An estimated 300,000 people have died in the decade-long conflict in Darfur, most of them civilians. Almost two million have fled their homes.
Abakar Adam has lived in a refugee camp near the town of El Fasher since the fighting began in 2003.
"If things go well and peace comes I'll return one day and will stay here no more," he said. "But the first thing we need is the disarmament of the people who carry weapons."
It's a conflict the world has largely forgotten, says Andrej Mahecic of the Office of the United Nations High Commissioner for Refugees, or UNHCR.
"Often the donors' attention, and attention of the world in general, tends to go towards the most visible and most dramatic and current crisis. But the fact of the matter is we are now dealing in Darfur with a protracted situation; it's been now 10 years, the needs are still there," he said.
The conflict began with a crackdown on rebel uprisings in Darfur by government-backed militia known as the "Janjaweed."

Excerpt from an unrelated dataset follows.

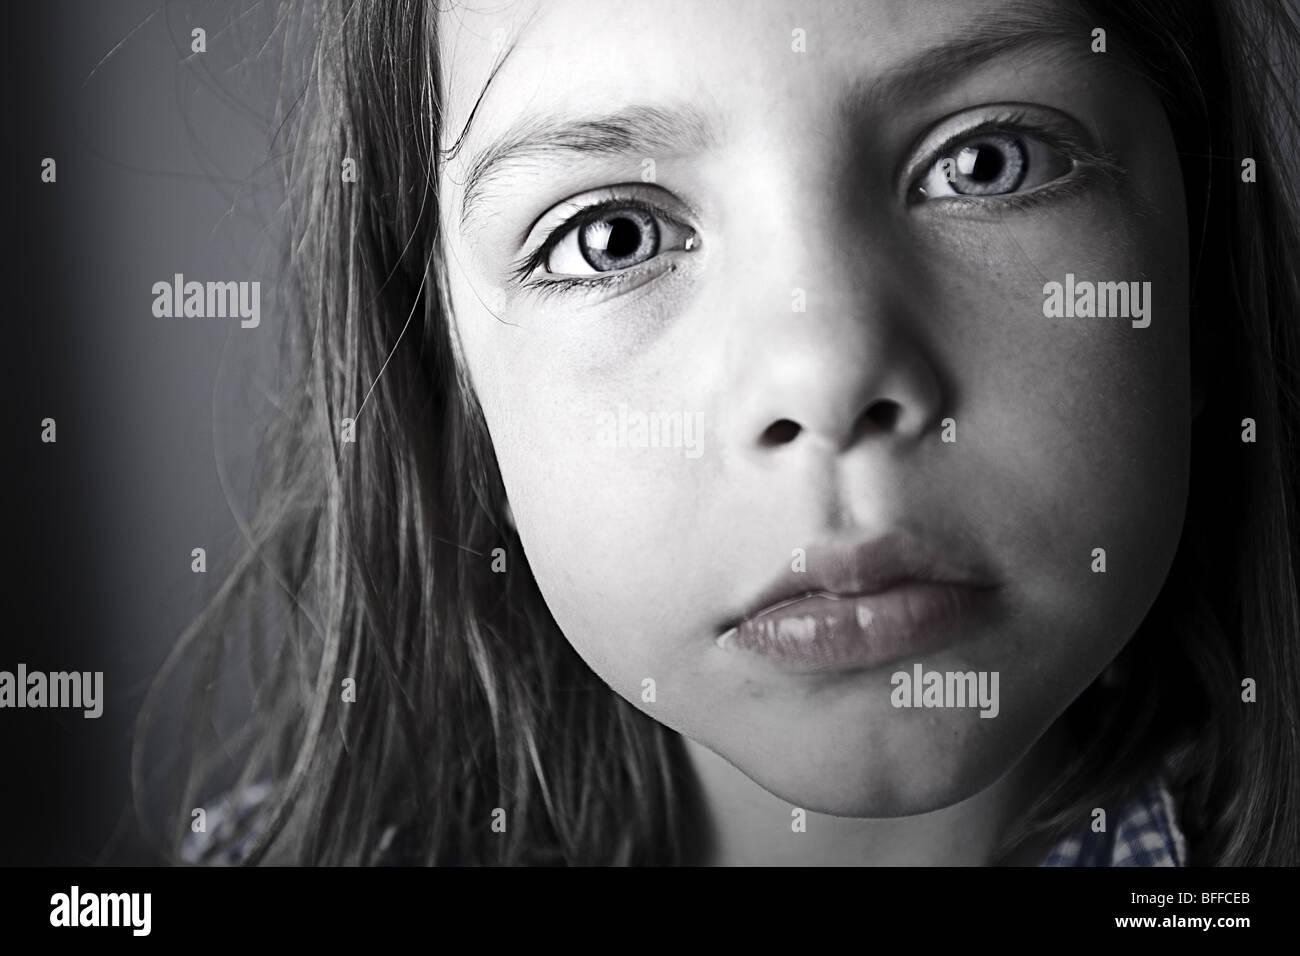 Gros plan d'un enfant intense Photo Stock

Sudanese President Omar al-Bashir, who is wanted by the International Criminal Court for alleged war crimes against civilians in Darfur, denies the accusations.
As the conflict enters its second decade, the United States has called for an effective and inclusive political process.
Andrej Mahecic of the UNHCR said, "Since January this year, we have seen about 100,000 people fleeing the [latest] round of violence. On the other hand, there are areas such as West Darfur which are enjoying relative peace and stability, and we have seen almost a quarter of a million people returning since the beginning of 2011. So it is a very different, a fluid situation."
The charity Kids For Kids
helps families to stay in their remote villages by loaning goats and donkeys, while building basic services like water pumps.
Its founder, Patricia Parker, says just small donations make a difference, but they've fallen away in recent years.
"People think that because Darfur hasn't been in the news, that it must be all right," she said. "So they've moved on to other things. There are other disasters elsewhere in the world. What is a tragedy is that these families are beyond deprivation, beyond poverty."
Parker says rocketing inflation in Sudan has halved the income of many households, making life even tougher.
"The indirect effects of violence are actually worse - and they're out of sight - than you can possibly imagine," she said. "We had the tragic news that in a very small village of just 2,000 people, 50 children died of malnutrition alone. That didn't allow for malaria and all the other things that we know are terrible killers in places like Darfur."
On the tenth anniversary of the Darfur conflict, aid agencies say the fighting and the suffering continue - unseen and forgotten.